Of course, this test is very specific and a user clearly needs to create a similar program block with other constraints to fulfill the corresponding test plan. For instance, this test can be duplicated many times to send {MUL, SUB, DIV} ALU operations to the ALU driver. In this case, multiple program blocks are required, so are multiple elaborations and binaries to simulate these tests.

VMM 1.1 provides a way to include all test files in a single compilation. The previous test can now be written like this:

1. class add_test_data extends alu_data;

2.   constraint cst_test {

3.     kind == ADD;

4.   }

5. endclass

6.

7.  `vmm_test_begin(test_add, alu_env, “Addition”)

8.  env.build();

9.   begin

10.   add_test_data tdata = new;

11.   env.gen.randomized_obj = tdata;

12. end

13. env.run();

14. `vmm_test_end(test_add)

· In line 7, the vmm_test short hand macro `vmm_test_begin is used to declare the test name (test_add in our example), the name of the vmm_env where all transactors reside (alu_env in our example) and a label that is used to tag this particular test.

· In lines 8-13, users can build the environment, insert the factory instance and kick off the test.

· In line 14, the vmm_test short hand macro `vmm_test_end is used to terminate this test declaration.

Of course, other tests with variations in constraints can be written in the same way. Since the environment is exposed after the `vmm_test_begin short hand macro, it is possible to register callbacks, replace generators or do any other operation which is traditionally done in the VMM program block.

An important aspect of these tests is that whenever they are included, they become statically declared and visible to the environment.

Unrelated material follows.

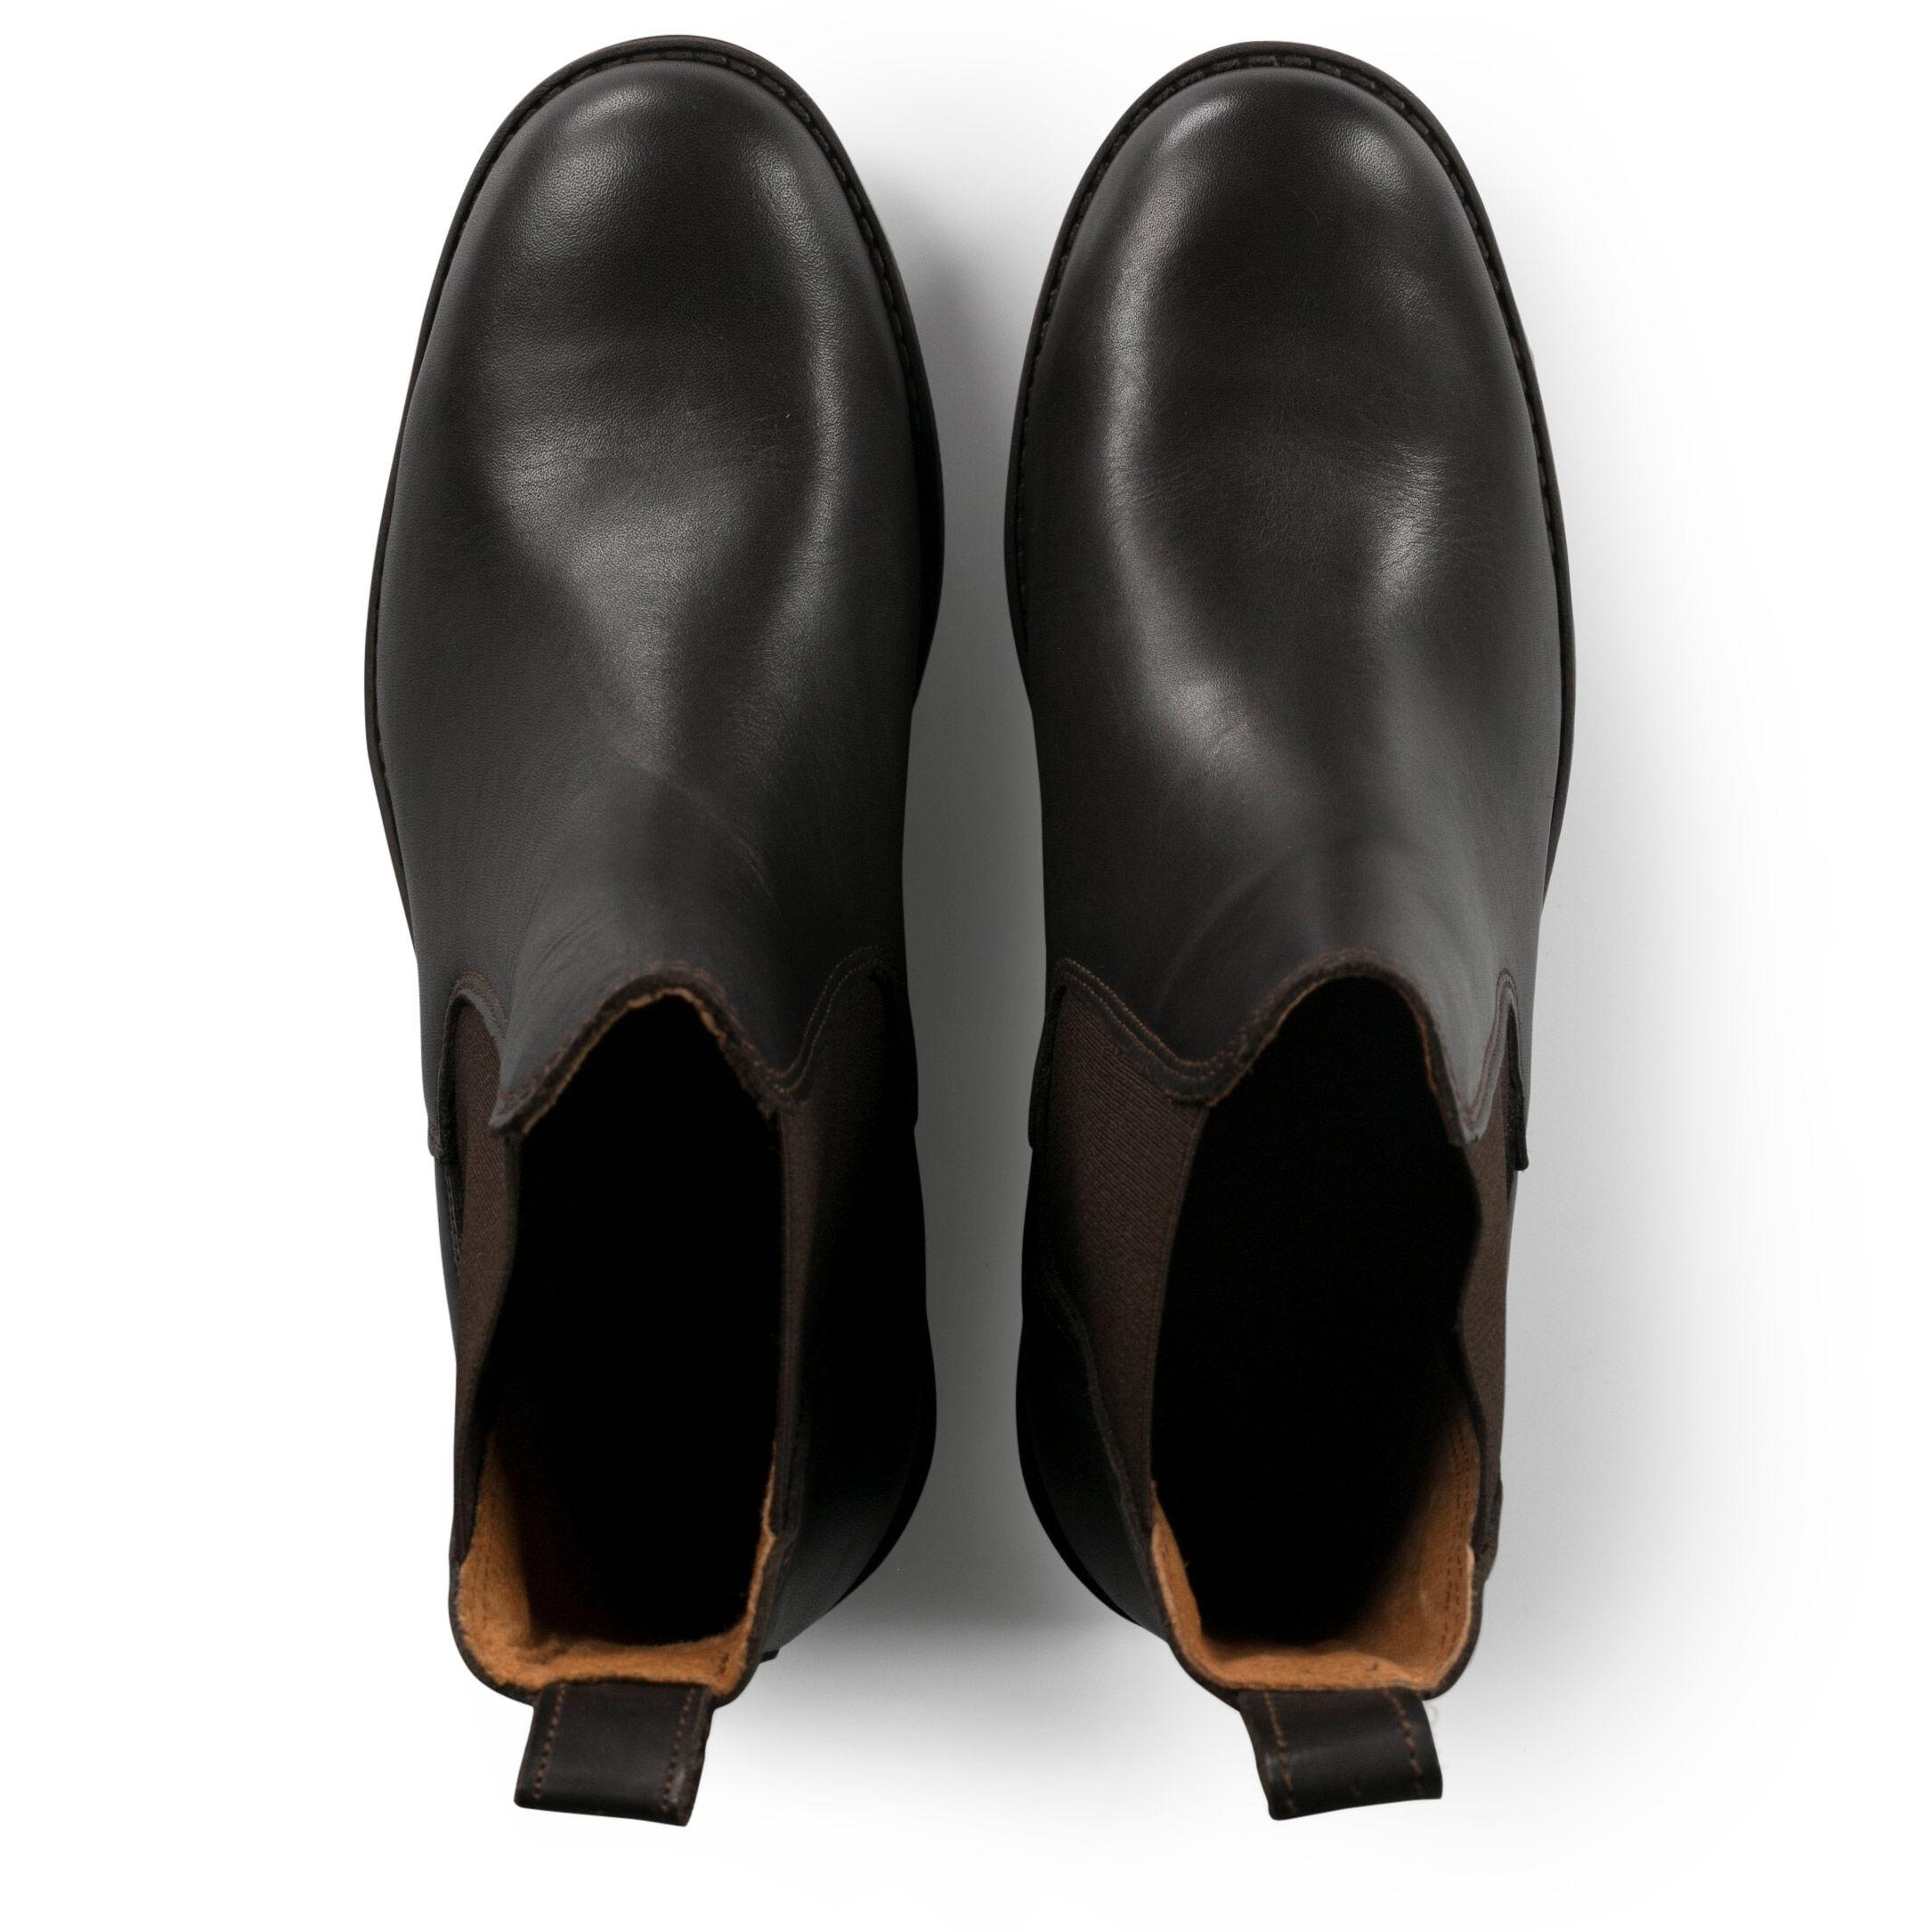 Jodhpurs Horzemarro Cuir Boots Jodhpurs Classic Boots PuOXikZ

Now let’s see how to include these tests in VMM program block:

1. `include “test_add.sv”

2. `include “test_sub.sv”

3. `include “test_mul.sv”

4. `include “test_ls.sv”

5. `include “test_rs.sv”

6.

7. program alu_test();

8.    alu_env env;

9.    initial begin

10.    vmm_test_registry registry = new;

11.    env = new(alu_drv_port, alu_mon_port);

12.    registry.run(env);

13.  end

14. endprogram

· In line 1-5, all tests are simply included

· In line 10, registry, which is an instance of vmm_test_registry,is constructed. This object contains all tests implemented using vmm_test_begin that have been previously included

· In line 12, registry can be run and a handle to the environment is passed as an argument to this class. This is how all vmm_tests can have access to the environment

Running a specific test is achieved by providing the test name on the command line, for example:

simv +vmm_test=test_add

simv +vmm_test=test_sub

Note that calling simv without the +vmm_test switch returns a FATAL error and lists all registered tests. This is a good way to document the available tests.